Task statement>
Everything in the listing below should be repeated exactly, apart from the pictures.

Given data>
════════════════

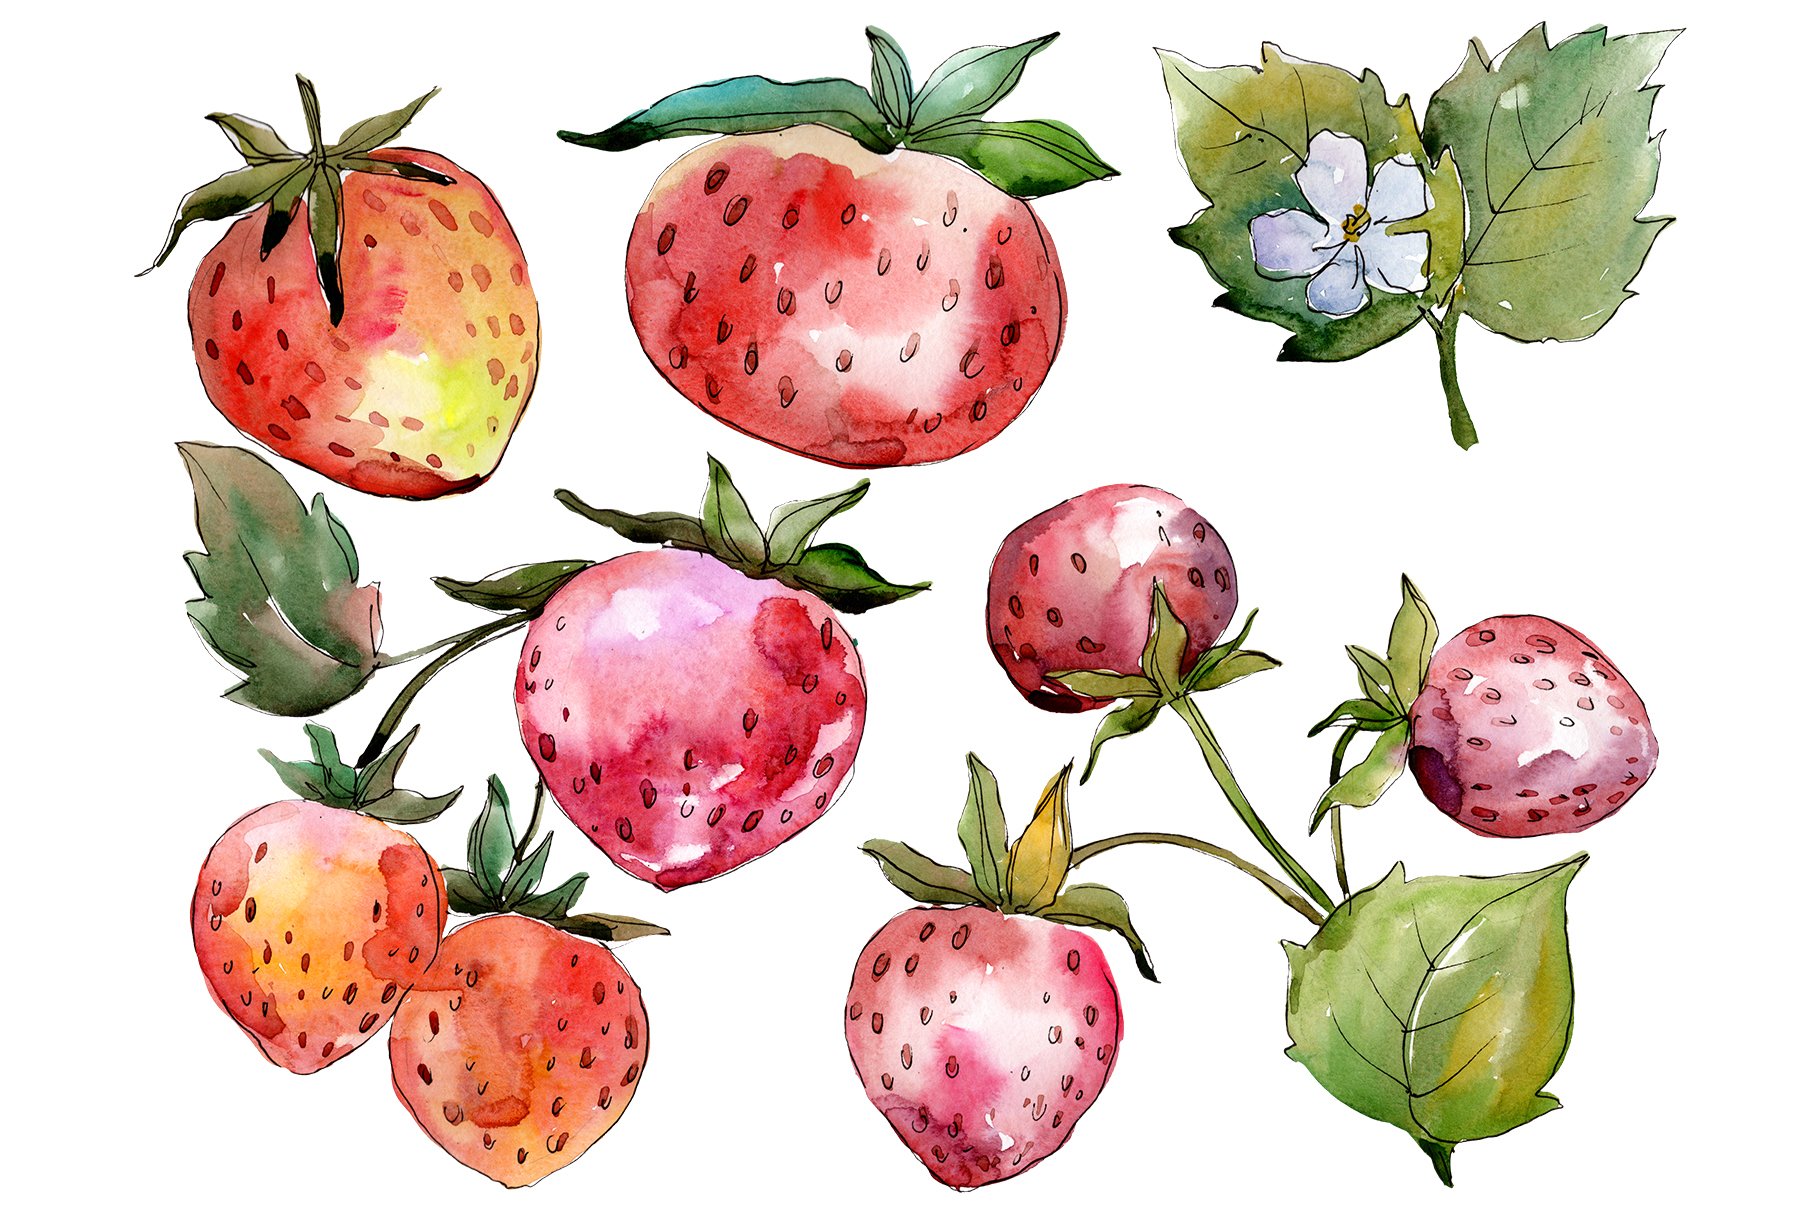 Cool and realistic strawberries illustrations.
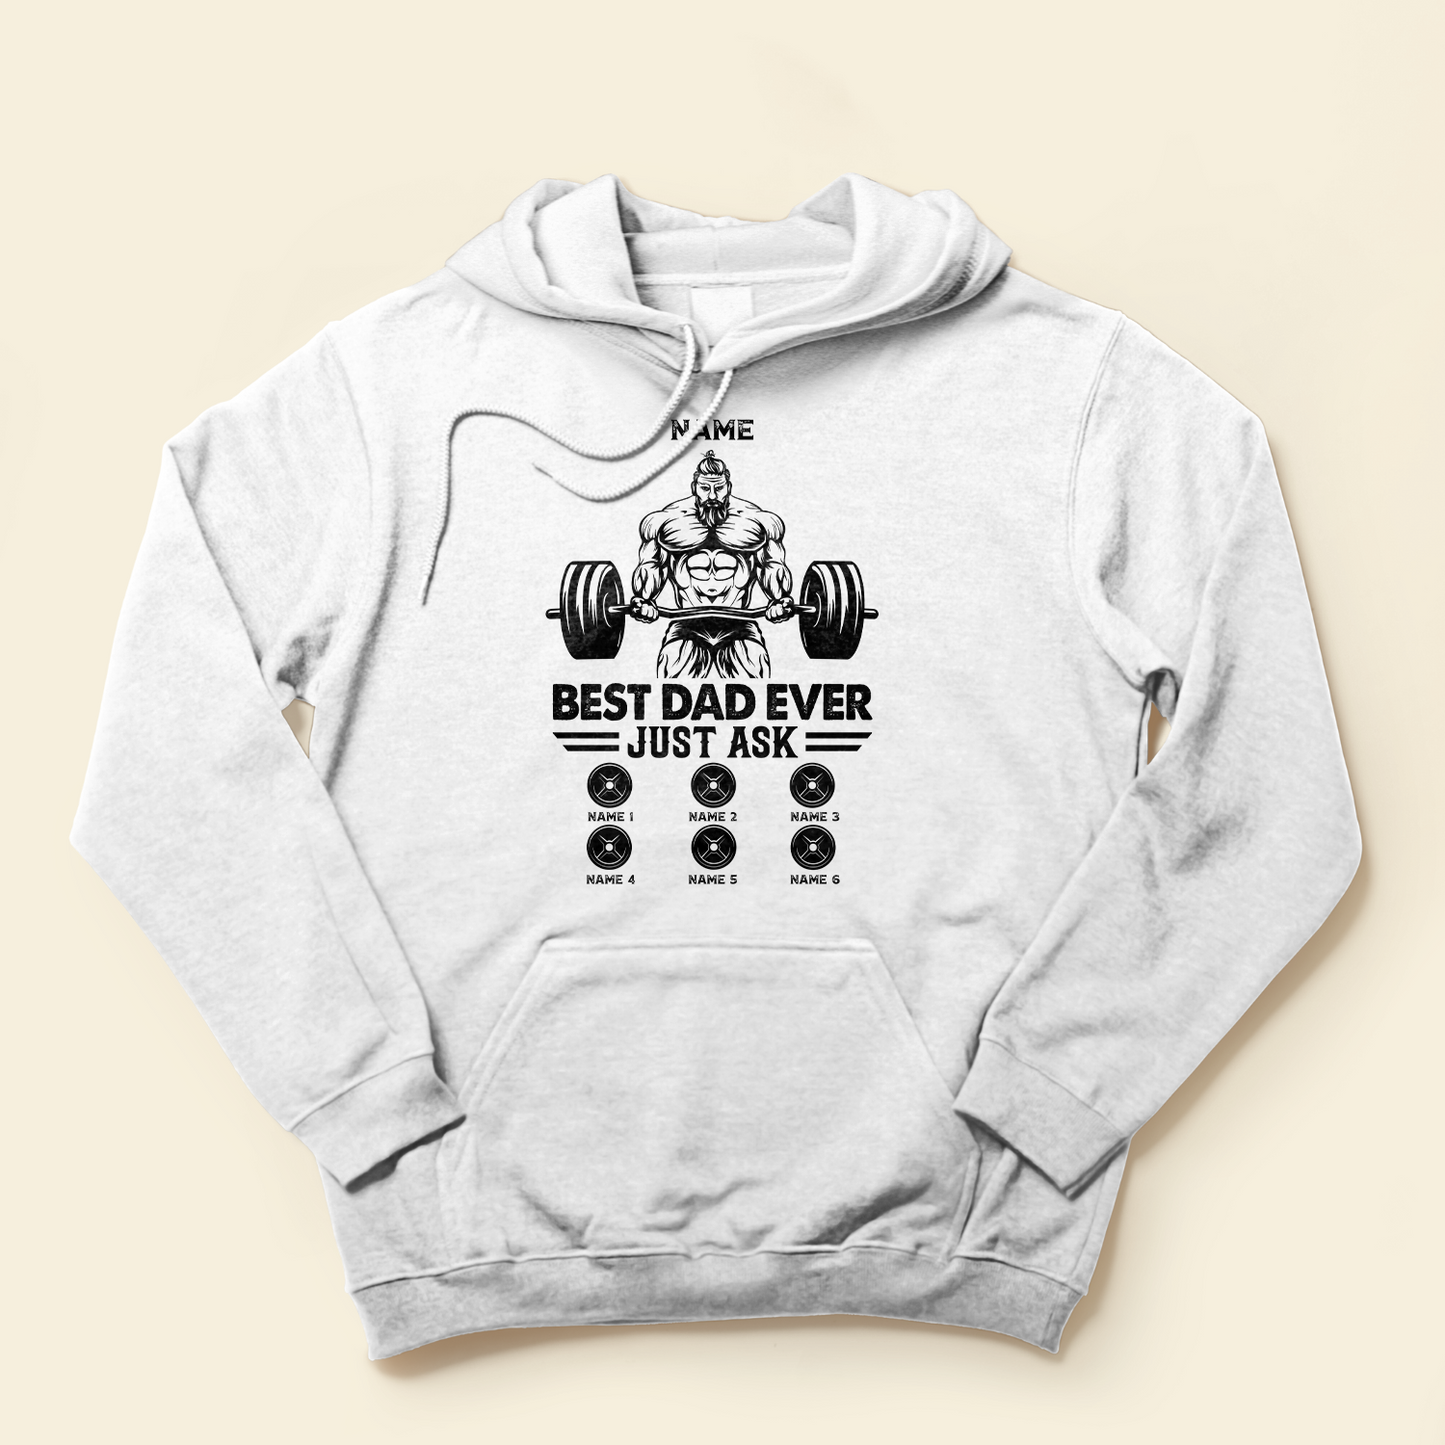 Best Dad Ever Just Ask - Personalized Shirt - BirthdayGift For Gymer - Old Man Lifting
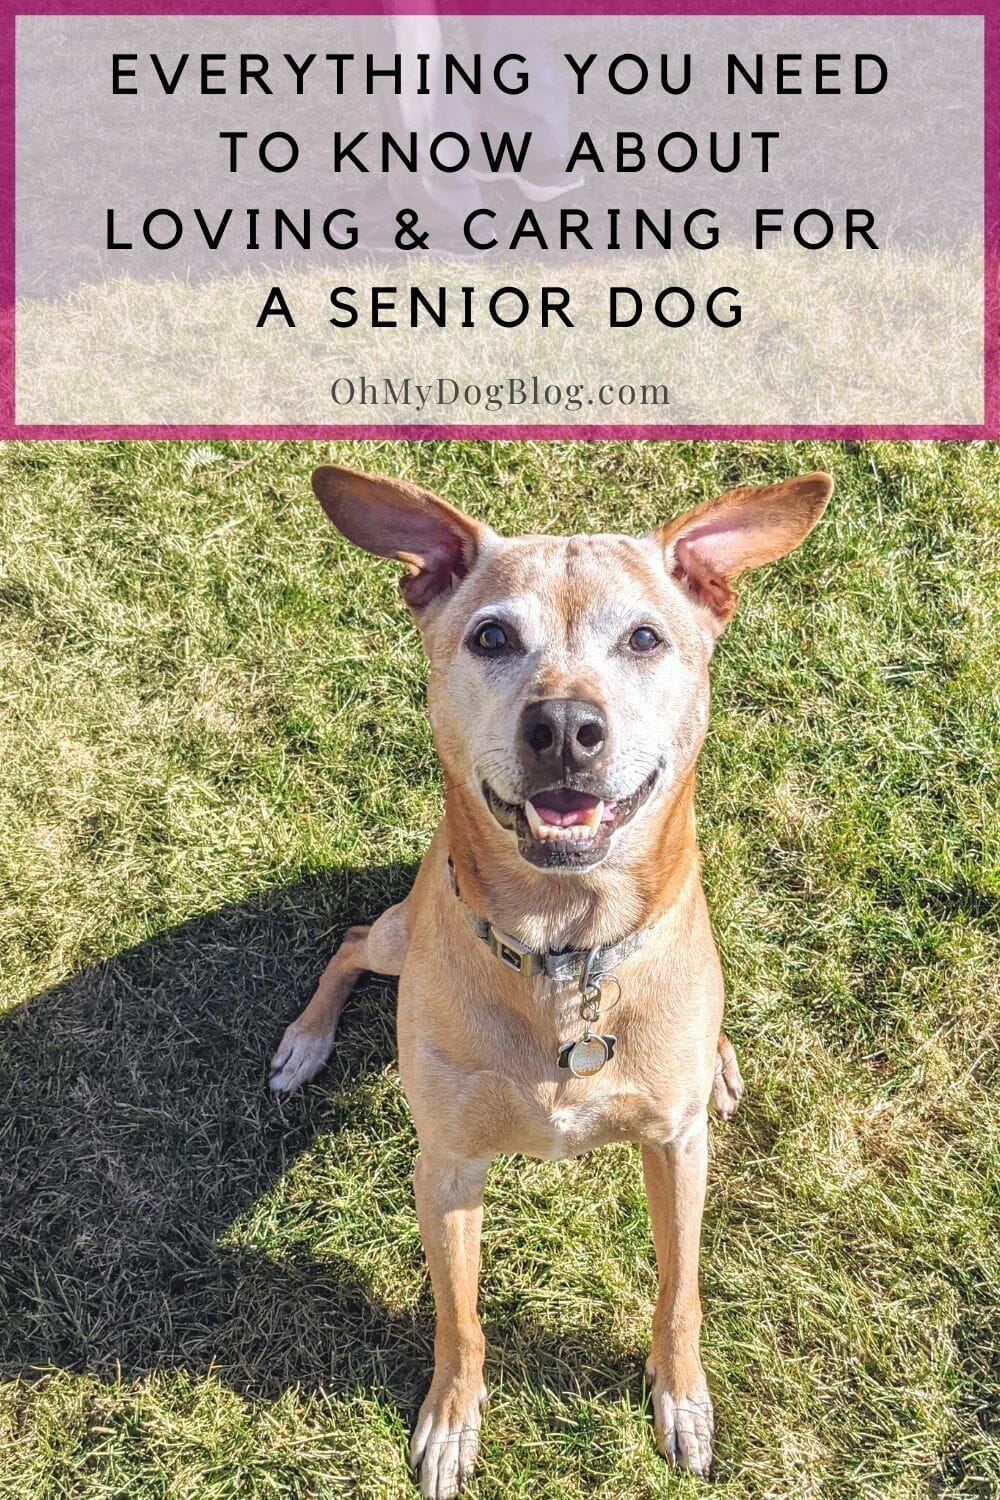 A tan American Staffordshire Terrier mix sits in the grass with the sun shining. His face and feet are gray with age. The text overlay reads: Everything you need to know to know about loving & caring for a senior dog. 
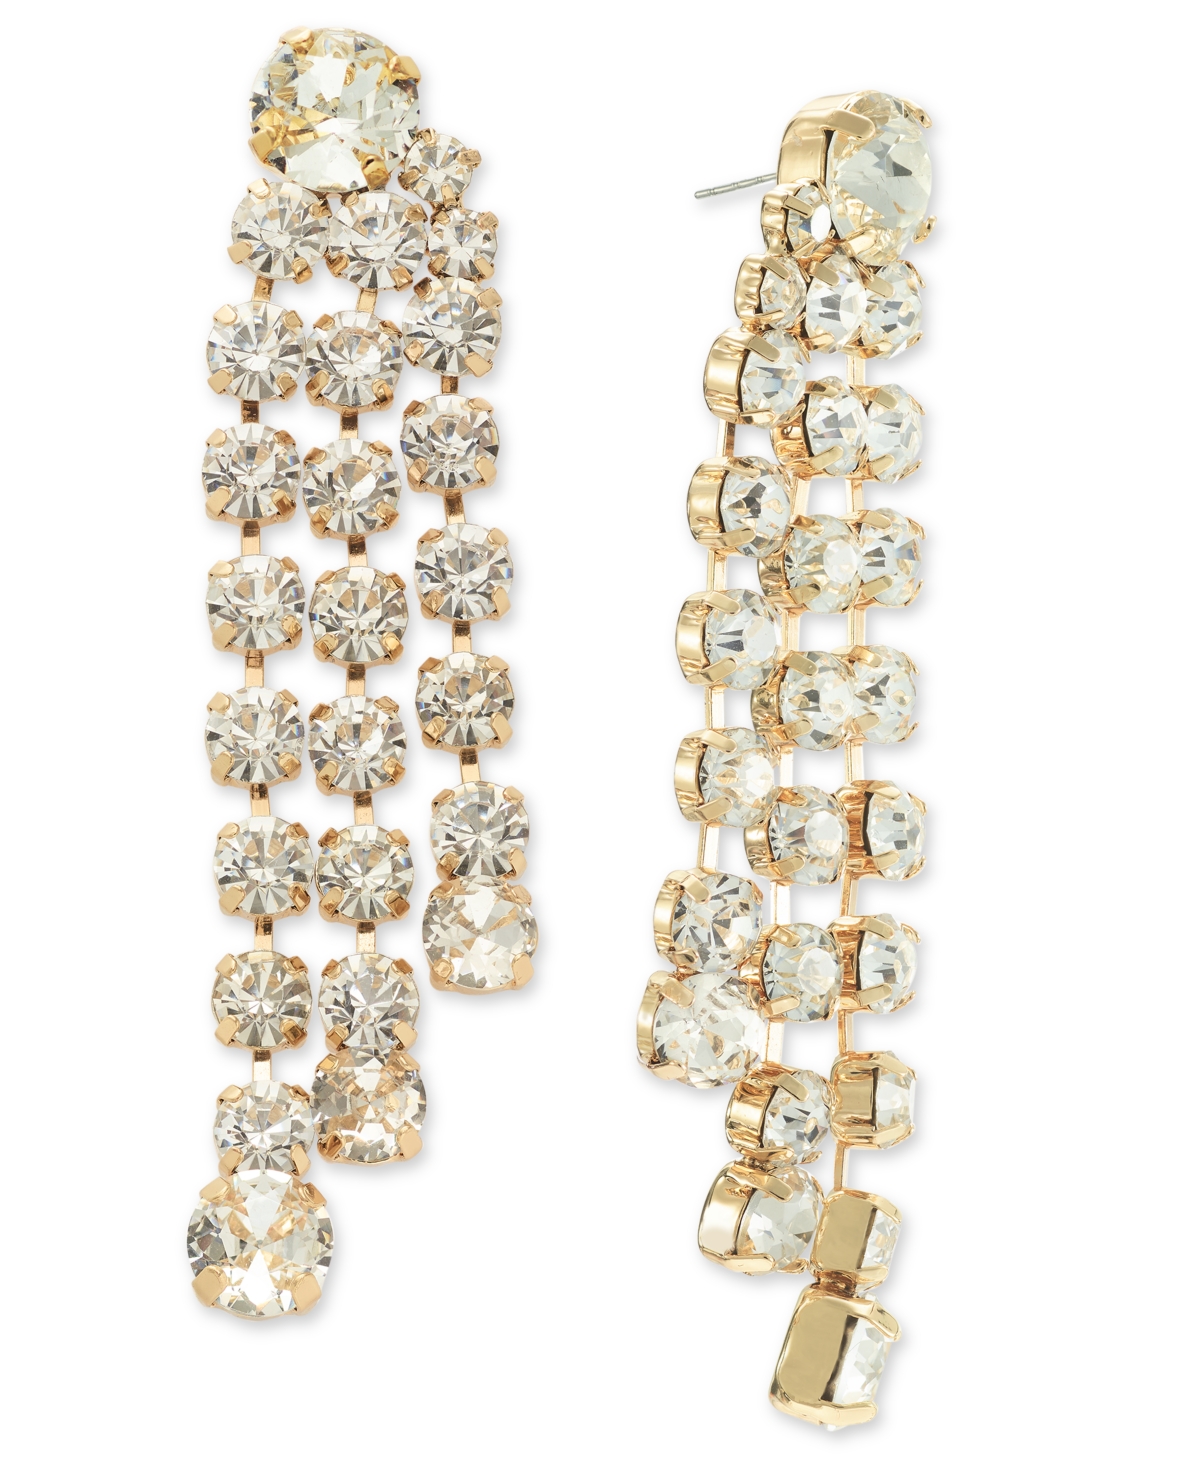 Gold-Tone Crystal Layered Drop Earrings, Created for Macy's - Gold

════════════════

Solution to the problem>
 Cool and realistic strawberries illustrations.
 Best Dad Ever Just Ask - Personalized Shirt - BirthdayGift For Gymer - Old Man Lifting
 A tan American Staffordshire Terrier mix sits in the grass with the sun shining. His face and feet are gray with age. The text overlay reads: Everything you need to know to know about loving & caring for a senior dog. 
 Gold-Tone Crystal Layered Drop Earrings, Created for Macy's - Gold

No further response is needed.